1. Planetary ring gear material: metal steel
2. Bearing at output type: Ball bearing
3. Max radial load (12mm range from flange): 550N
4. Max shaft axial load: 500N
5. Backlash: 18 arcmin
6. Gear ratio from 3 to 216
7. Planetary gearbox size from 79 to 107mm
NEMA34 Precision type Planetary Gearbox for nema 34 Gear Stepper Electric motor 50N.m (6944oz-in) Rated Torque
This gear ratio is 5:1, if need other gear ratio, please contact us.
Input motor shaft demand :
suitable with standard nema34 stepper electric motor shaft 14mm diameter*32 length(Including pad height). (plane and Circular shaft and essential shaft both available)
The difference between your economical and precision Nema34 planetary reducer:
First of all: the economic and precise installation methods are different.
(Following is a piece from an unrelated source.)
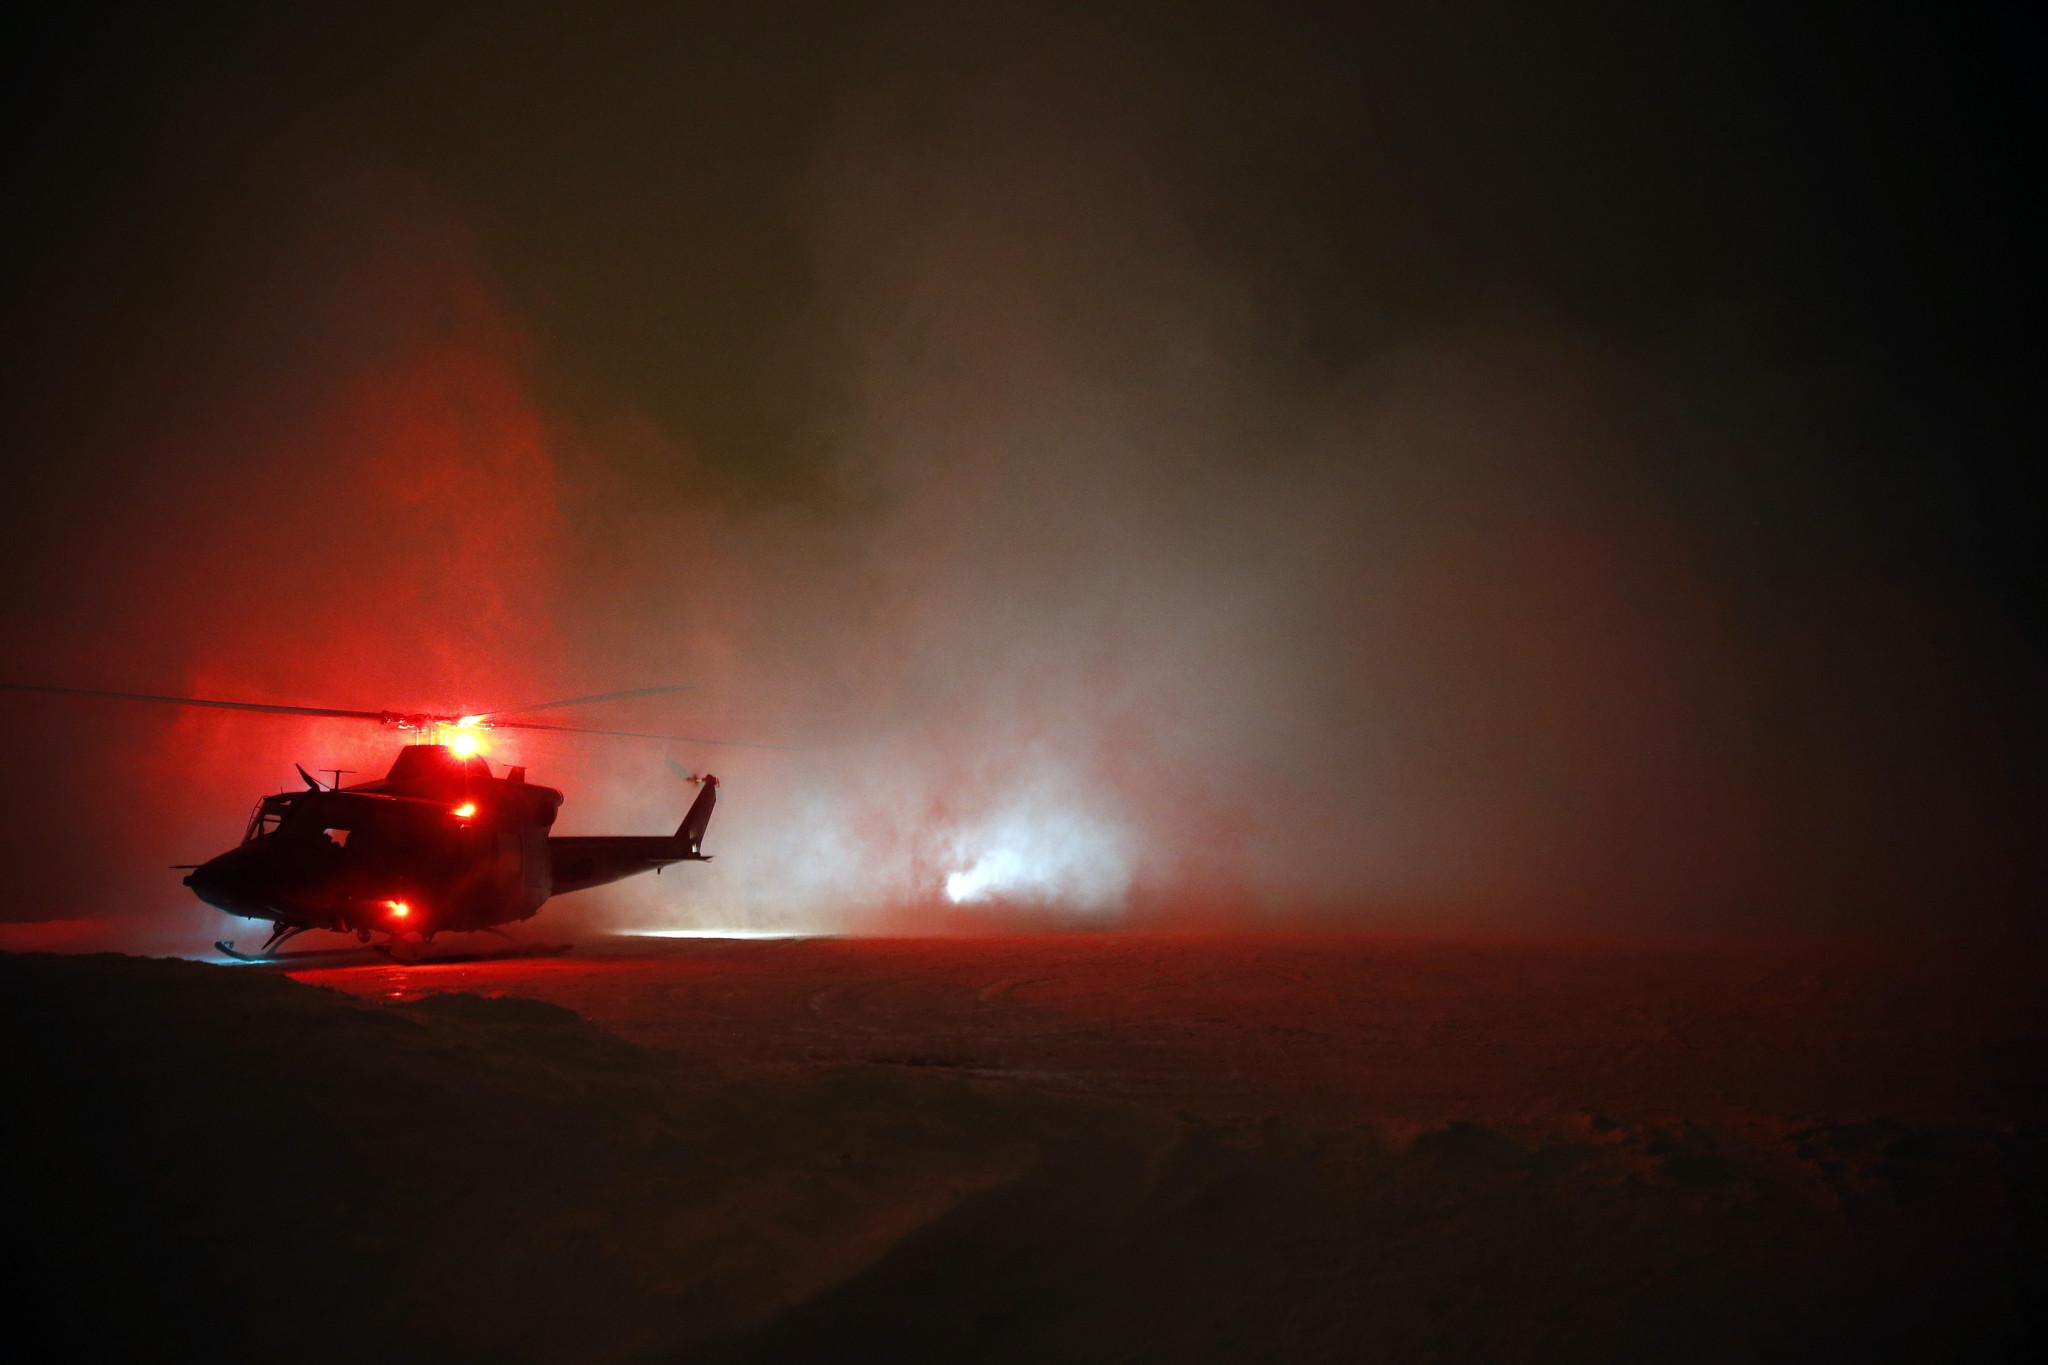 Tre Bell 412 SP helikopter fra 720 skavdronen under trening på Rena. Foto: TORBJØRN KJOSVOLD/FORSVARET

The insight of the economical retarder assembly is the keyway (ie the result shaft of the motor is an assembleable keyway electric motor); the input of the precision reducer assembly can be clamped and the insight engine shaft is a set or circular shaft or keyway. The shaft can be mounted (note: the keyway shaft can be removed after the key is removed).
Second, the economical and precision planetary gearboxes have the same drawings and dimensions. The primary difference is: the materials differs. Accurate gear devices are superior to economical gear units when it comes to transmission efficiency and accuracy, in addition to heat and sound and torque output balance.